577 Individual behavioural counselling helps people to quit smoking

April 24, 2018

written by Brian McAvoy

Clinical question


Compared with no treatment or brief advice, how effective is individual behavioural counselling in promoting smoking cessation?

Bottom line


There was high-quality evidence that individually delivered smoking cessation counselling assisted smokers to quit. Individual counselling increased the chances of quitting by between 40% and 80%, compared with minimal support. There was moderate-quality evidence of a smaller relative benefit when counselling was used in addition to pharma­cotherapy, compared with people using pharmacotherapy alone. There is a suggestion intensive counselling may be better, when compared with a brief counselling interven­tion. The few studies that compared different types of counselling did not show any differences between them.

Caveat


Almost half of the trials recruited people in hospital set­tings, but there was no evidence of heterogeneity of results in different settings.
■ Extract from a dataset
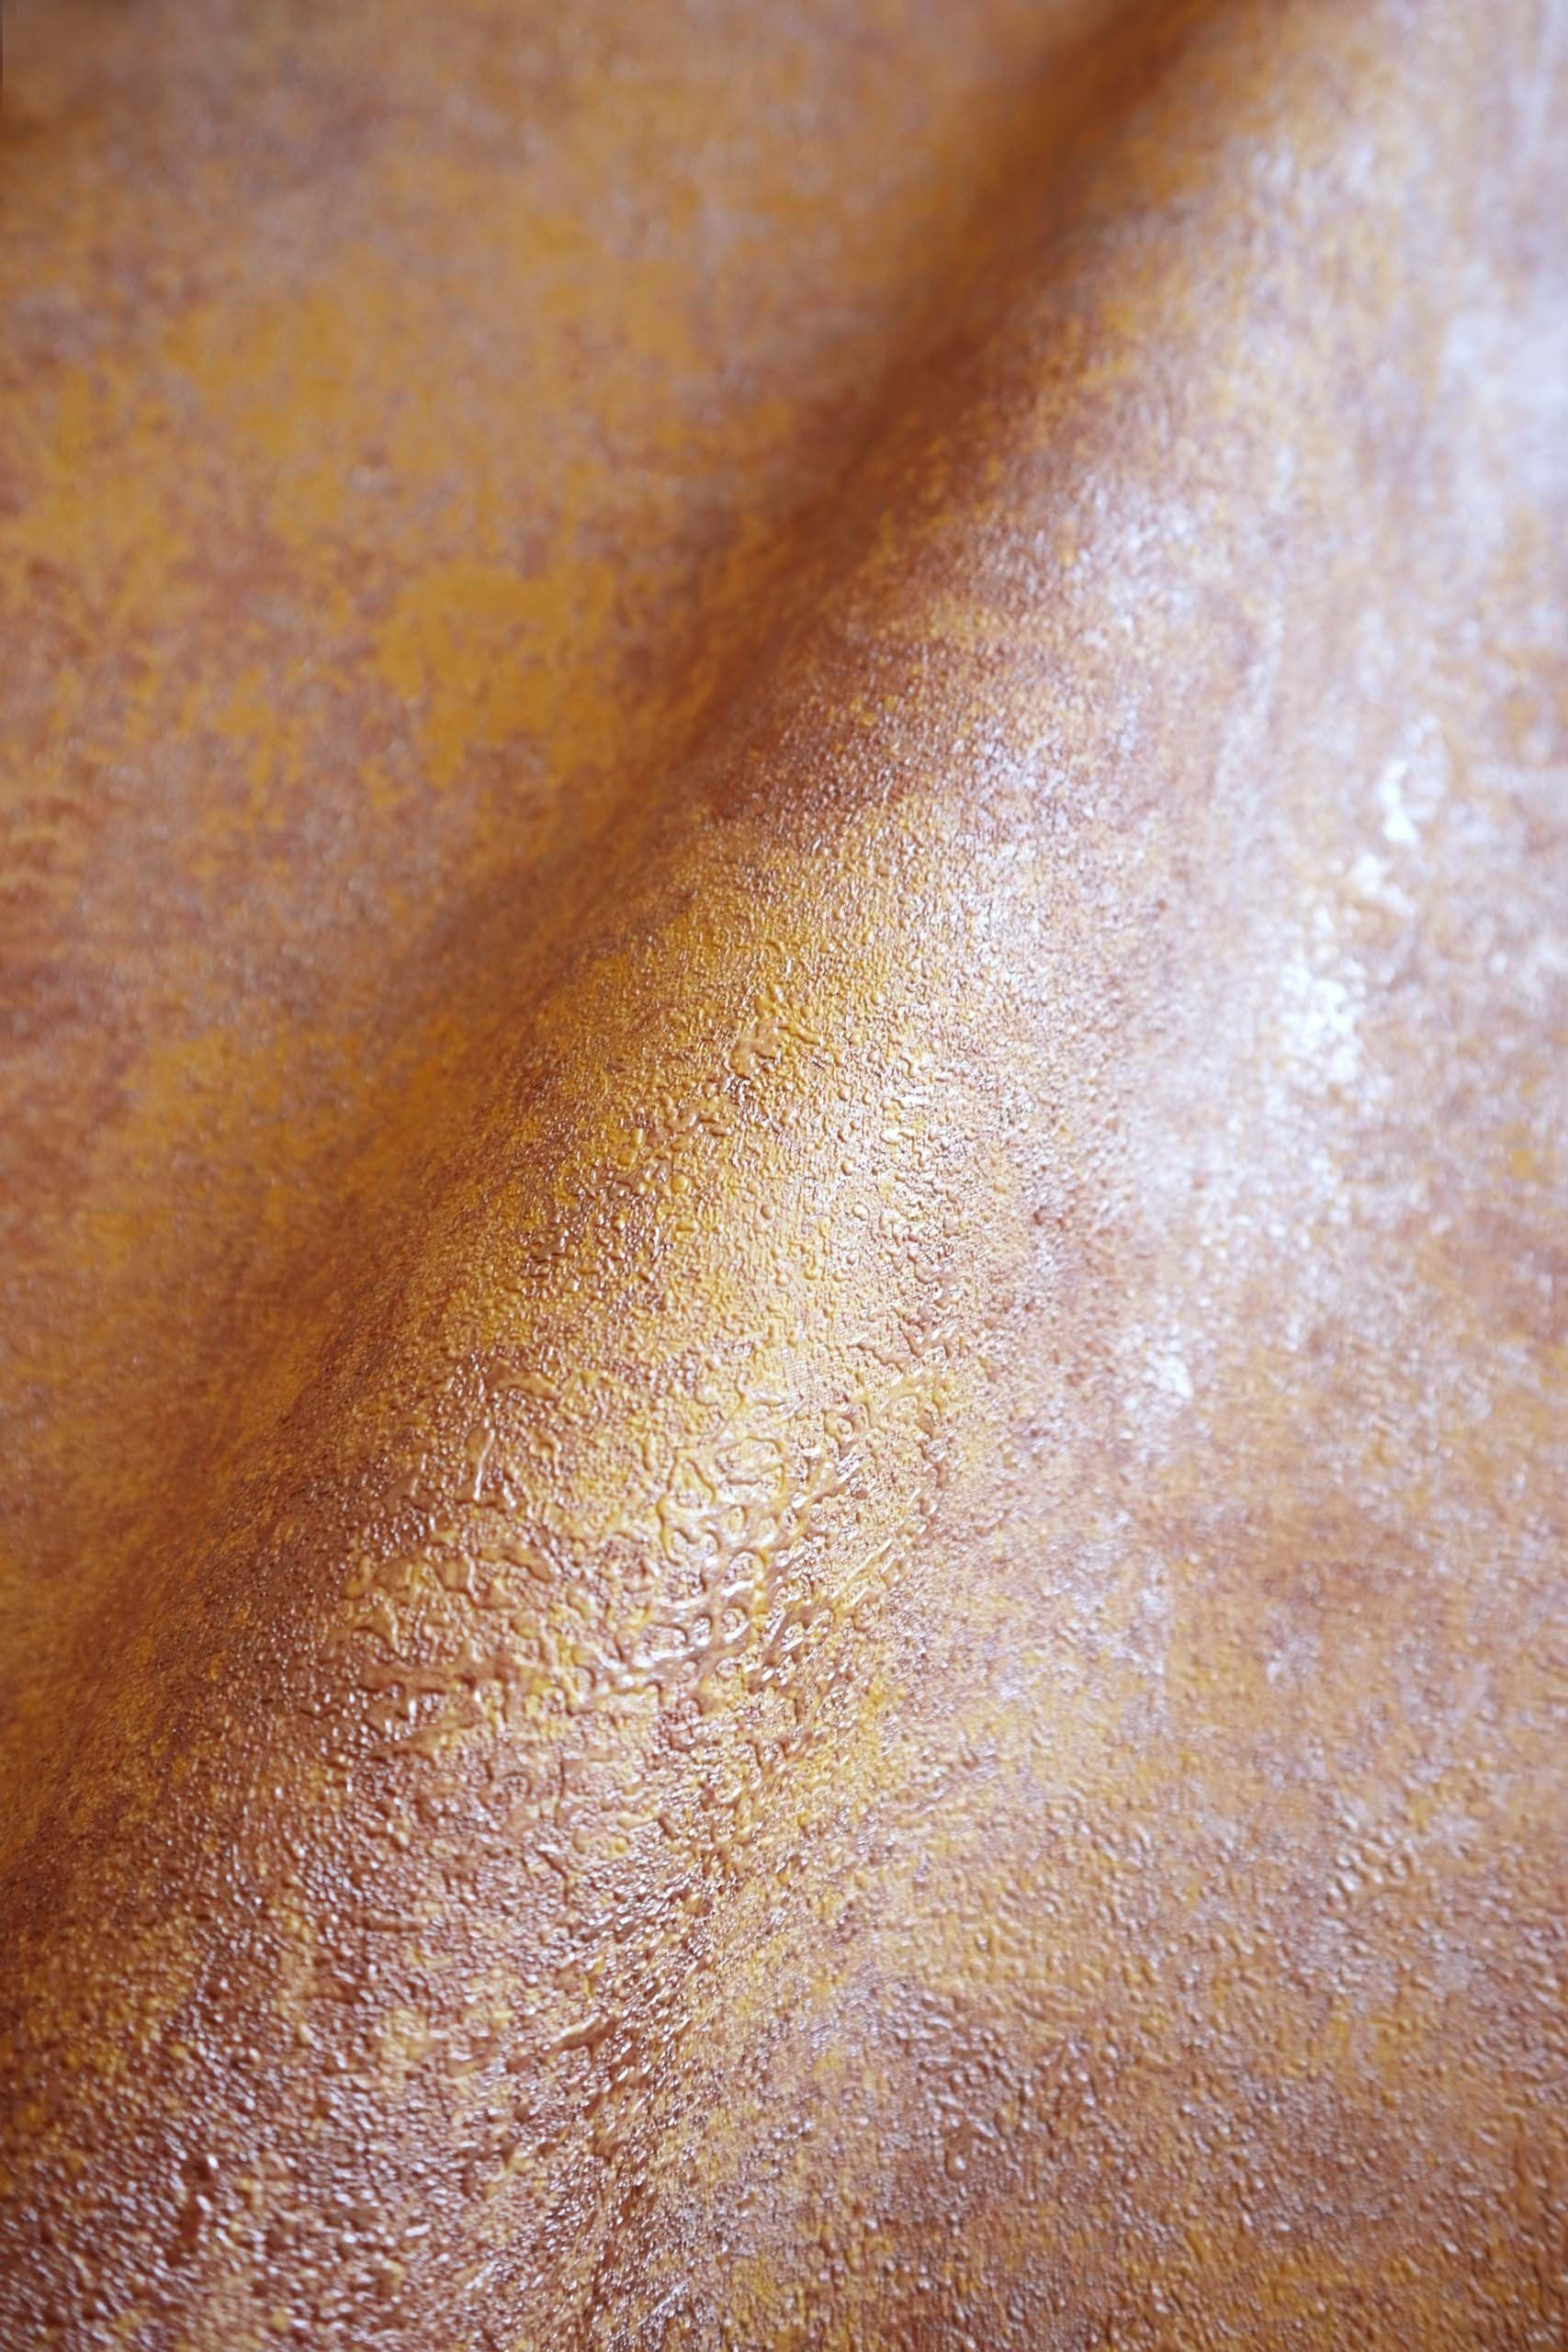 Newroom Vliestapete, Orange Tapete Leicht Glänzend Modern - Mustertapete Metalic Braun Bronze Hexagon Grafisch für Schlafzimmer Wohnzimmer Küche
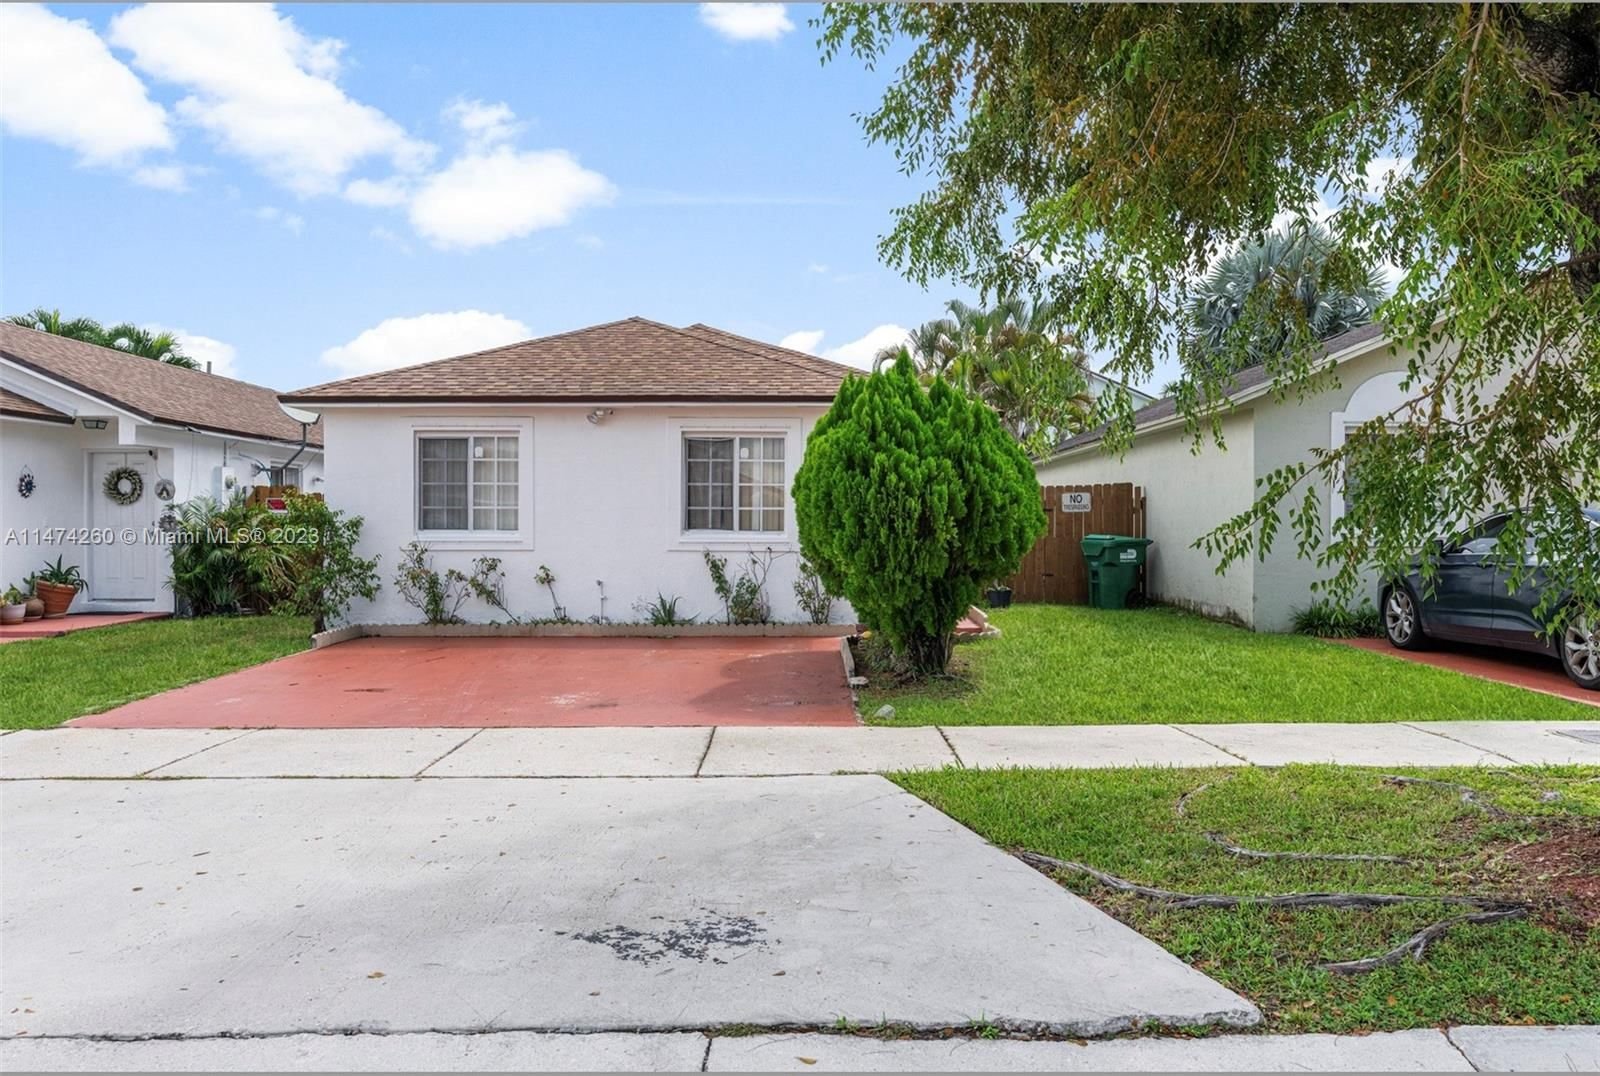 Real estate property located at 16101 139th Ave, Miami-Dade County, MONACO DREAM HOMES, Miami, FL

There was a range of smoking cessation counsellors, including health educators and psychologists.

Context


Individual counselling is commonly used to help people who are trying to quit smoking. The review looked at trials of counselling by a trained therapist providing one or more face-to-face sessions, separate from medical care. The outcome was being a non-smoker at least 6 months later.

Cochrane Systematic Review


Lancaster T and Stead LF. Individual behavioural counsel­ling for smoking cessation. Cochrane Reviews, 2017, Issue 3. Art. No.: CD001292.DOI: 10.1002/14651858. CD001292.pub3. This review contains 49 studies involving around 19,000 participants.

Pearls are an independent product of the Cochrane primary care group and are meant for educational use and not to guide clinical care.